The businessman just sat there disturbed and confused; he’d never seen anybody laughing like this in all his evenings at the club. The other audience members sat at their tables stone-faced, except for one couple who tried to heckle her to shut up. Nobody followed their lead. She laughed out loud at them, doubling over. The comedian gave increasingly strident orders for her to shut up and let him continue. He only had five minutes in this lousy pay-to-play club to make an impression, and this cunt here was ruining it! The more seriously he behaved, the funnier she thought he was. After nearly a minute of orgasmic laughter, she took one last look at the comedian while trying to compose herself, gave up and laughed out loud again. She was still laughing as she took her coat and purse and stumbled drunkenly out of the room. Her date made no attempt to follow her. As she walked out, a single male audience member joined in her laughing. The comedian kept trying to resume his routine, but the man’s laughter totally broke his character. The comedian left the stage in defeat. Nobody applauded him except the laughing man, who gave him the full-hand clap of a kindergarten kid.

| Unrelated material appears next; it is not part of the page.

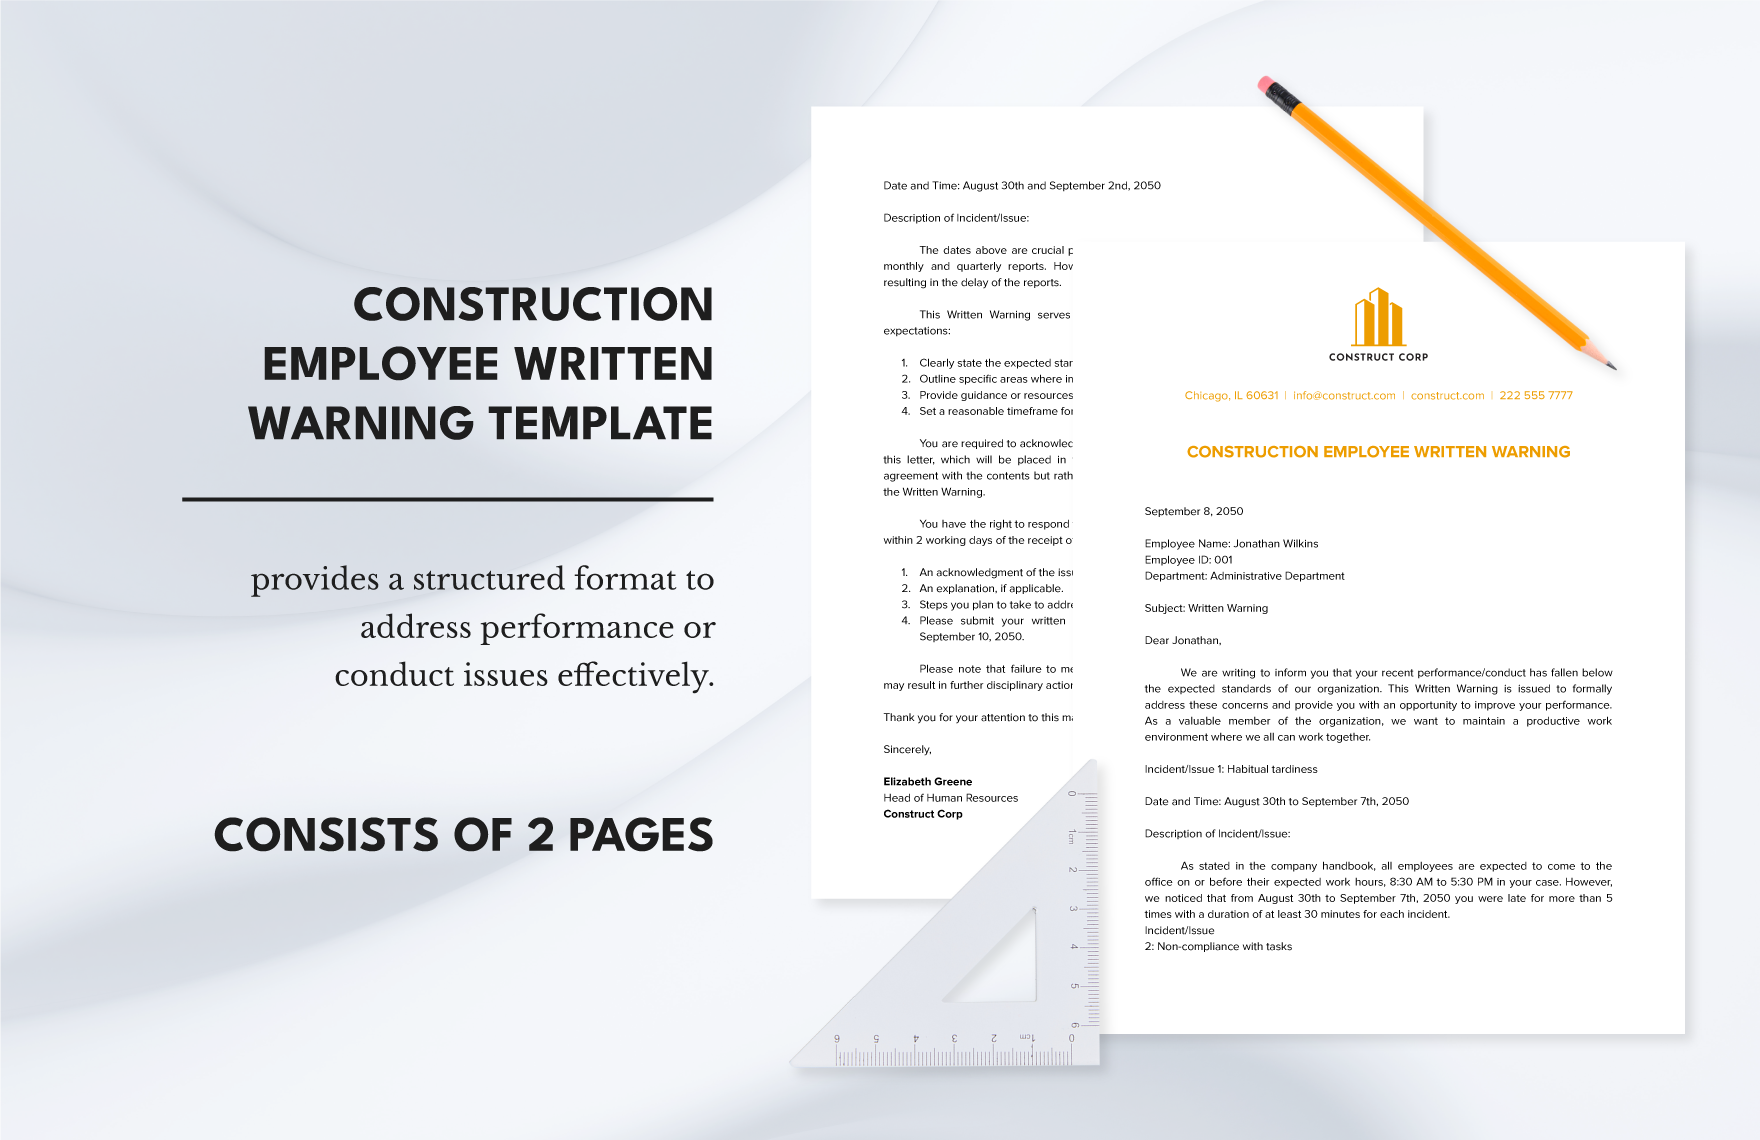 Construction Employee Disciplinary Action Template

She finally began to gain her composure as she descended the ramp in the lobby, catching one long breath away from the smoke and the noise. She was stopped by one of the female comedians she’d seen in the early hours of the show. The female comedian demanded to know why she hadn’t attacked him back, why she hadn’t up for herself properly, why she hadn’t told him off or at least given him the finger. You’ve gotta let the pricks know you mean business, she said; that’s the only language they’re ever gonna understand. The ex-front line caller stared in the female comedian’s face until it was in focus through the alcohol blur, shook her head and gave out a quiet laugh. She stumbled past her.
As she continued down the ramp toward the front door, the two middle-aged doormen ended their phone call from the manager backstage. The men stood before her and warned her not to come there again. She darted aside, gave them a wide smile, and trotted out the door.
Outside, she breathed a deep breath of almost-fresh downtown air. She calmed herself down, pulled her coat on, and fumbled through her purse for a cigarette. She walked out into the parking lane and looked up the street for a cab. The pre-hangover noise was still ringing in her ears, but she still heard footsteps slowly approach her from behind. She took another deep breath and prepared herself to confront her date. Instead, she turned around and saw a man from the audience, a nice-looking guy with an open face and a coffee stain on his trenchcoat. He stood just outside of her personal space. They looked at one another briefly. He started laughing. She joined in. They giggled into the next cab together.
Her businessman date strolled out the door in time to see the cab pull off. He was a bit sad that he wouldn’t get to do his patented plea-for-forgiveness routine. Oh well, at least his people were still inside, ready to make him laugh.